Find the rate of processed tickets for each type

Find the rate of processed tickets for each type.

In [1]:
import pandas as pd
import numpy as np

In [3]:
facebook_complaints = pd.read_excel("../CSV/facebook_complaints.xlsx", header=1)
facebook_complaints

Unnamed: 0,complaint_id,type,processed
0,0,0,True
1,1,0,True
2,2,0,False
3,3,1,True
4,4,1,True
5,5,1,False


In [4]:
facebook_complaints['processed'] = facebook_complaints['processed'].astype(int)
facebook_complaints

Unnamed: 0,complaint_id,type,processed
0,0,0,1
1,1,0,1
2,2,0,0
3,3,1,1
4,4,1,1
5,5,1,0


In [5]:
grouped = facebook_complaints.groupby(['type']).agg({'processed':'sum','complaint_id':'size'}).reset_index()
grouped

Unnamed: 0,type,processed,complaint_id
0,0,2,3
1,1,2,3


In [6]:
grouped['processed_rate'] =grouped['processed']/grouped['complaint_id']
grouped

Unnamed: 0,type,processed,complaint_id,processed_rate
0,0,2,3,0.666667
1,1,2,3,0.666667


In [7]:
result = grouped[['type','processed_rate']]
result

Unnamed: 0,type,processed_rate
0,0,0.666667
1,1,0.666667


Solution Walkthrough
In this walkthrough, we will go through the code snippet provided and understand how to find the rate of processed tickets for each type using pandas and numpy libraries in Python.

Understanding The Data
The code assumes that there is a dataframe named facebook_complaints which contains information about complaints on Facebook. The dataframe has columns such as processed, type, and complaint_id. The processed column contains binary values indicating whether a complaint is processed or not. The type column contains the type of complaint, and the complaint_id column contains a unique identifier for each complaint.

The Problem Statement
The task is to calculate the rate of processed tickets for each type of complaint. This rate represents the percentage of processed tickets out of the total number of tickets for each type.

Breaking Down The Code
Let's analyze the code snippet step by step:

import pandas as pd
import numpy as np

facebook_complaints["processed"] = facebook_complaints[
    "processed"
].astype(int)
This code snippet imports the pandas and numpy libraries and converts the 'processed' column of the facebook_complaints dataframe from boolean to integer. This conversion is necessary for later calculations.

grouped = (
    facebook_complaints.groupby(["type"])
    .agg({"processed": "sum", "complaint_id": "size"})
    .reset_index()
)
Next, the groupby() function is used to group the facebook_complaints dataframe by the 'type' column. The agg() function is then applied to calculate the sum of the 'processed' column and the count of the 'complaint_id' column for each group. This information is stored in the grouped dataframe.
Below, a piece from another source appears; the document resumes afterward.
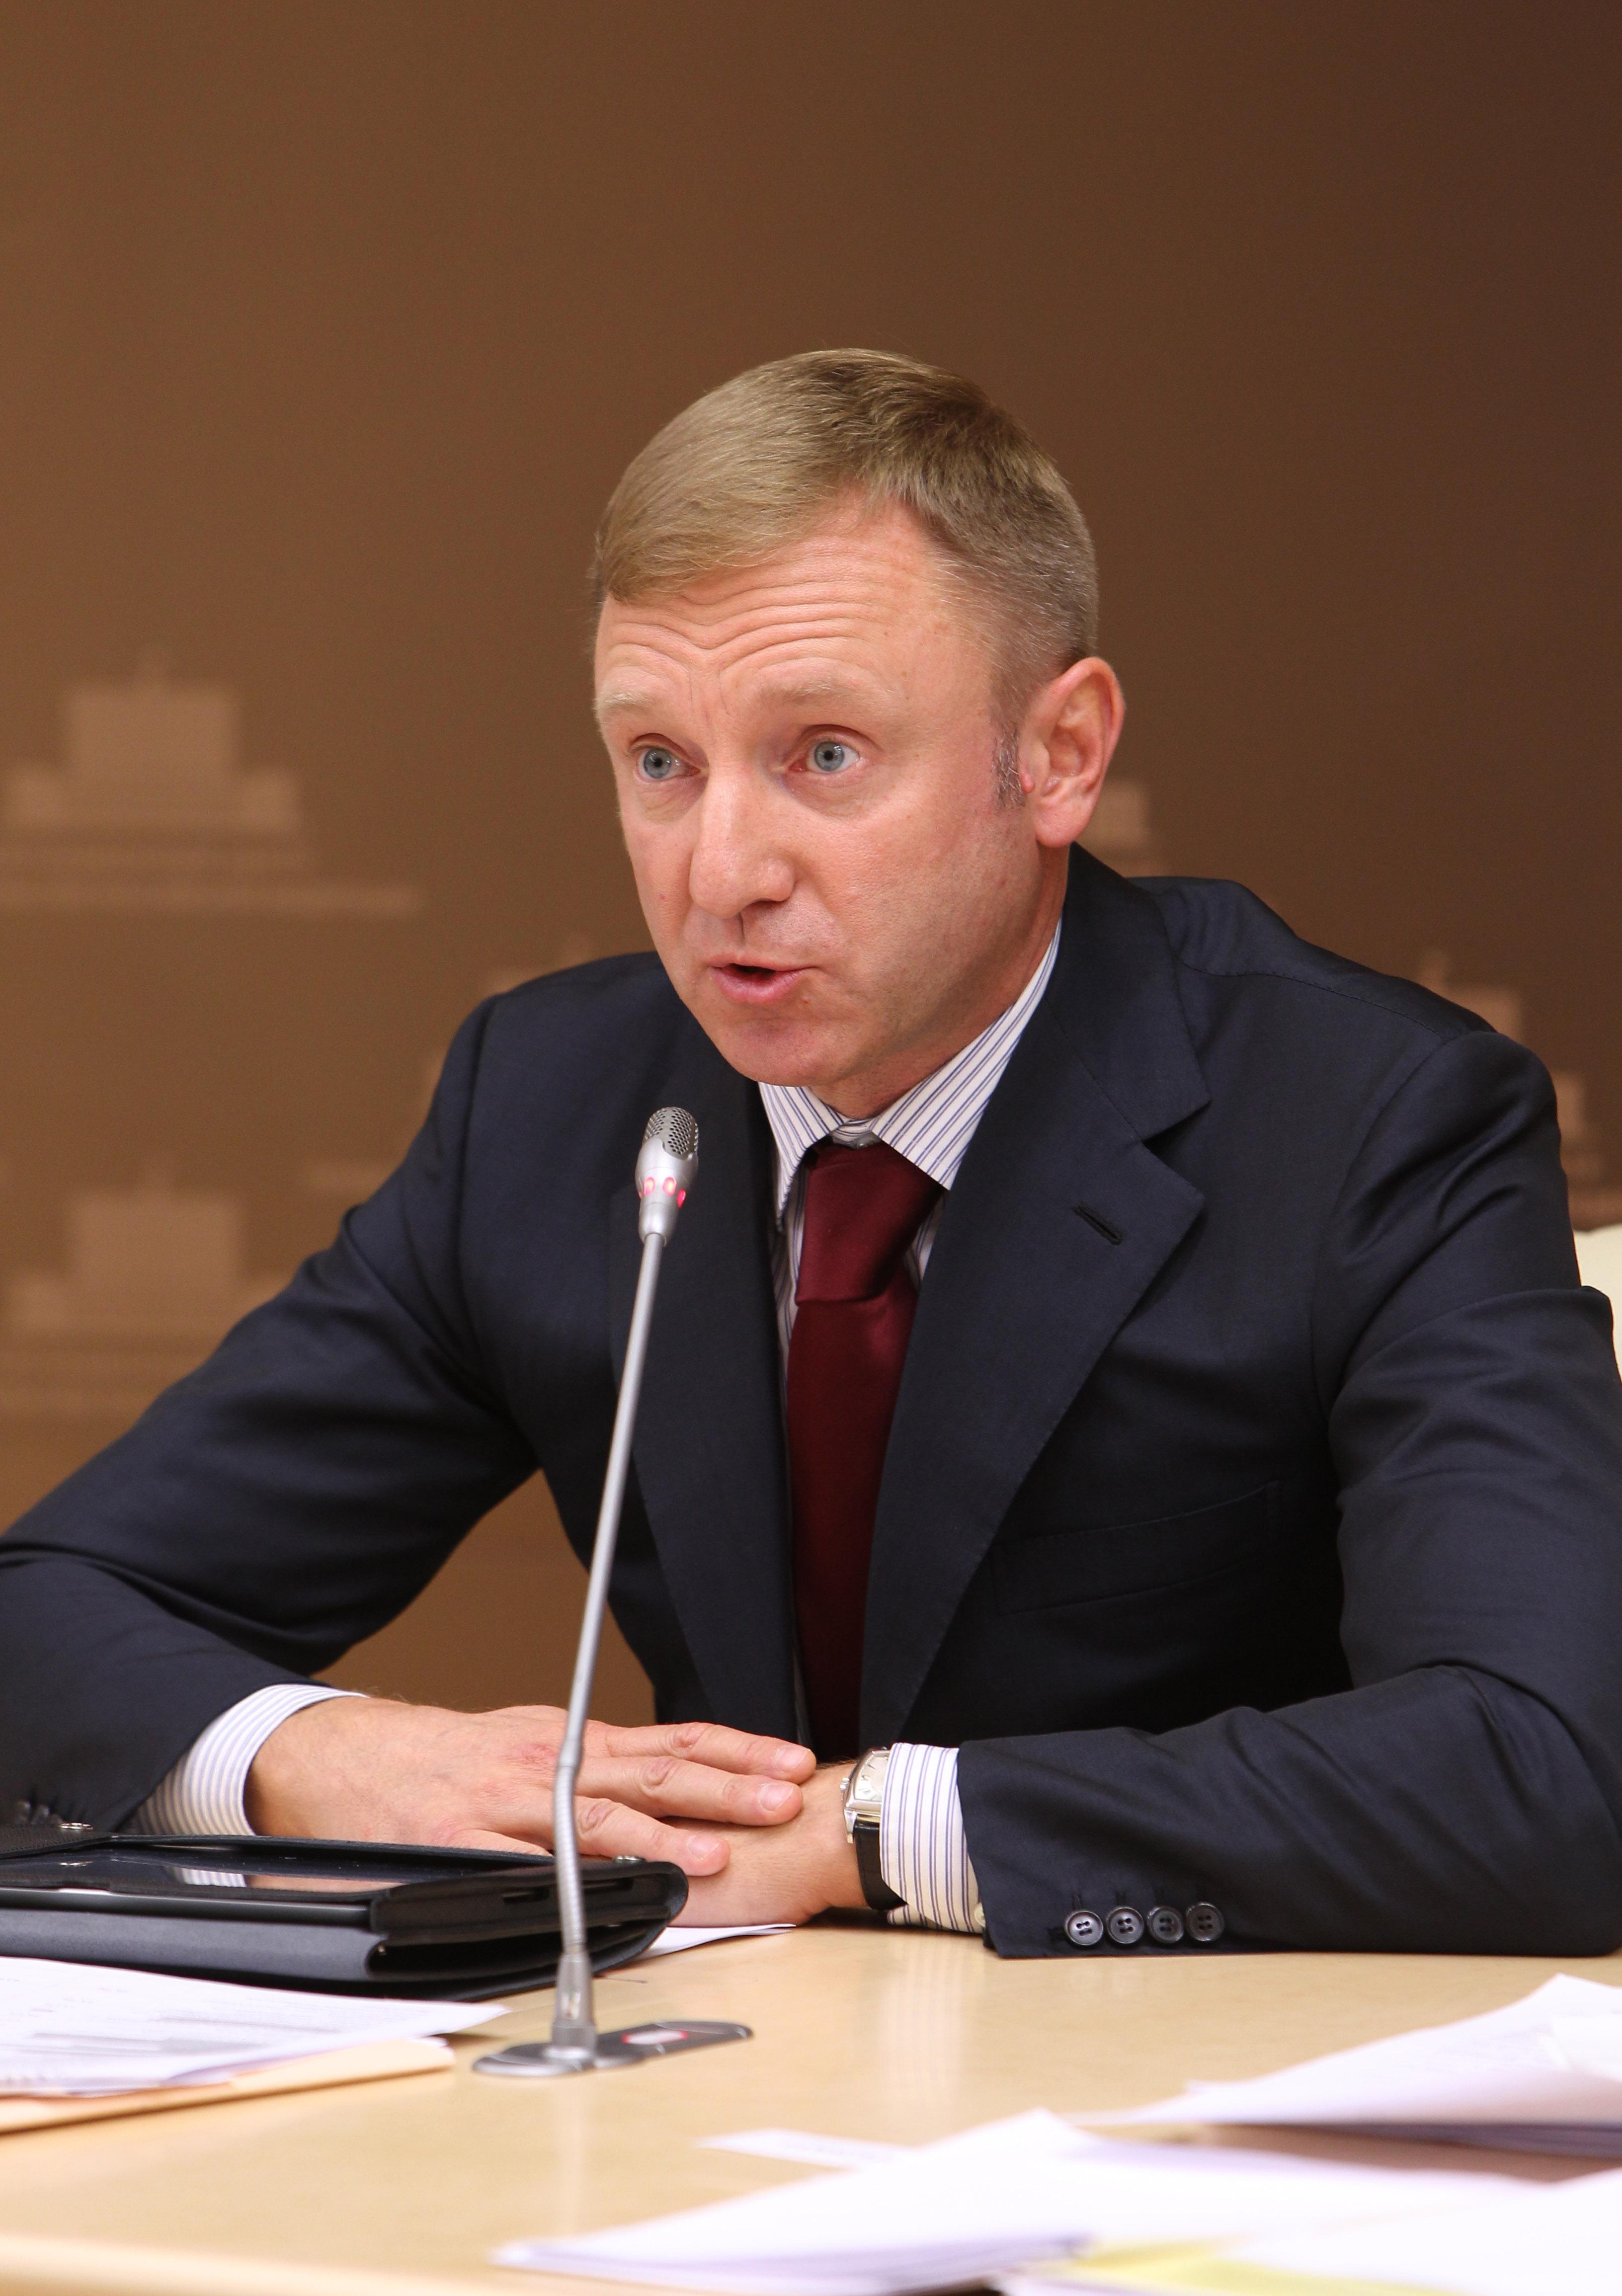 Д.В.Ливанов, министр образования и науки Российской Федерации

grouped["processed_rate"] = (
    grouped["processed"] / grouped["complaint_id"]
)
After grouping the data, a new column named 'processed_rate' is added to the grouped dataframe. This column represents the rate of processed tickets for each type, calculated by dividing the sum of processed tickets by the total number of tickets for each type.
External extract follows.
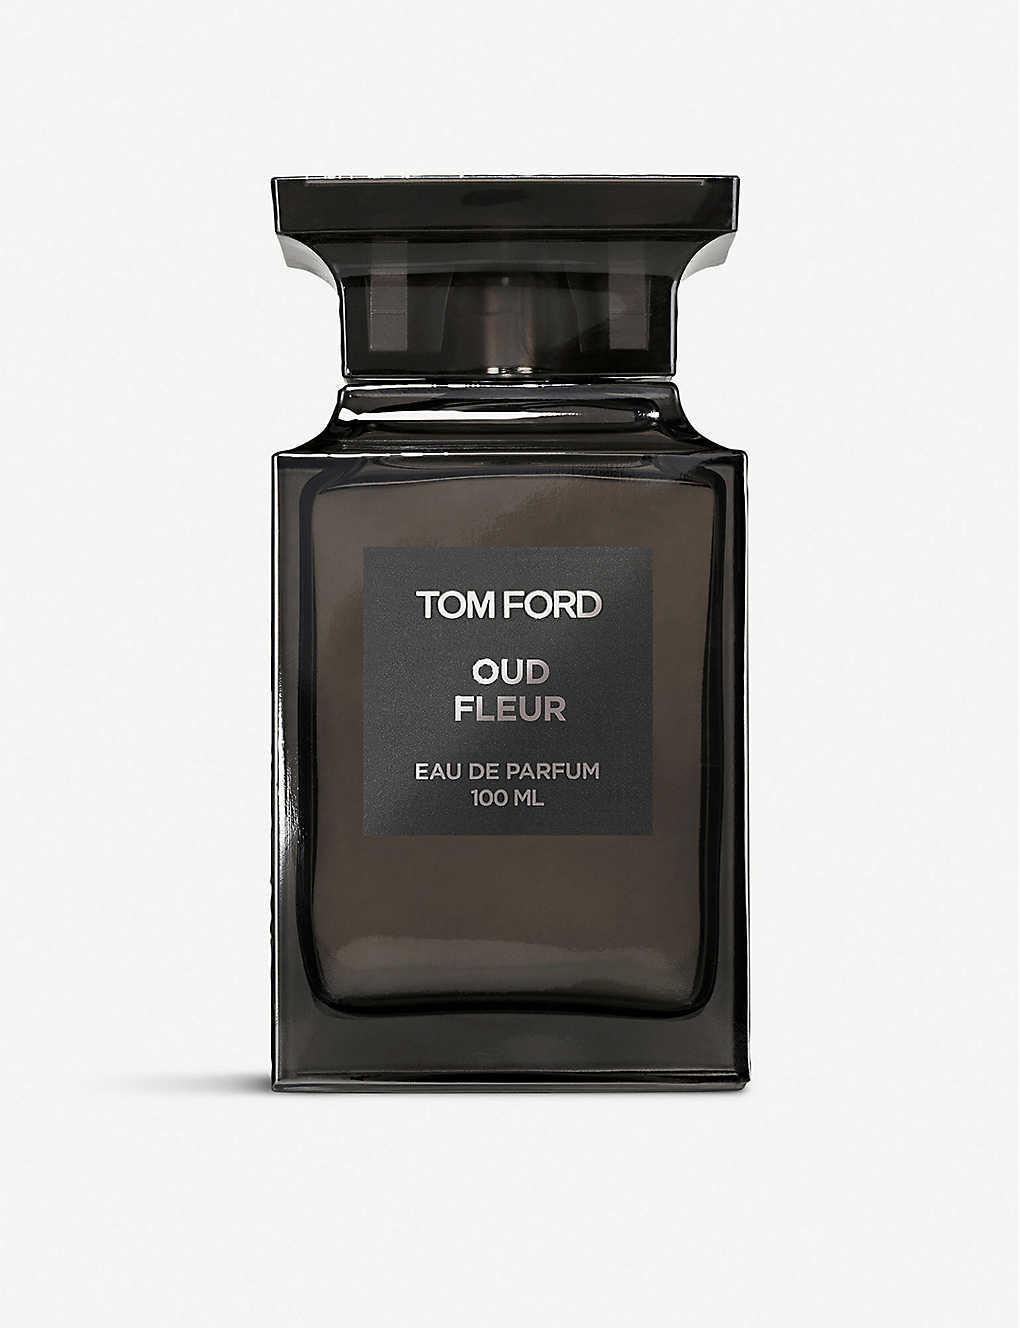 Tom Ford Oud Fleur for Unisex Eau De Parfum 100ML

result = grouped[["type", "processed_rate"]]
Finally, the result dataframe is created by selecting only the 'type' and 'processed_rate' columns from the grouped dataframe. This dataframe contains the final result, showing the rate of processed tickets for each type of complaint.

Bringing It All Together
The complete code snippet is as follows:

import pandas as pd
import numpy as np

facebook_complaints["processed"] = facebook_complaints[
    "processed"
].astype(int)
grouped = (
    facebook_complaints.groupby(["type"])
    .agg({"processed": "sum", "complaint_id": "size"})
    .reset_index()
)
grouped['processed_rate'] =grouped['processed']/grouped['complaint_id']
result = grouped[['type','processed_rate']]
This code imports the necessary libraries, converts the 'processed' column to integers, groups the data by type, calculates the rates of processed tickets for each type, and stores the result in the 'result' dataframe.

Conclusion
By following this code snippet, you can calculate the rate of processed tickets for each type of complaint using pandas and numpy libraries in Python.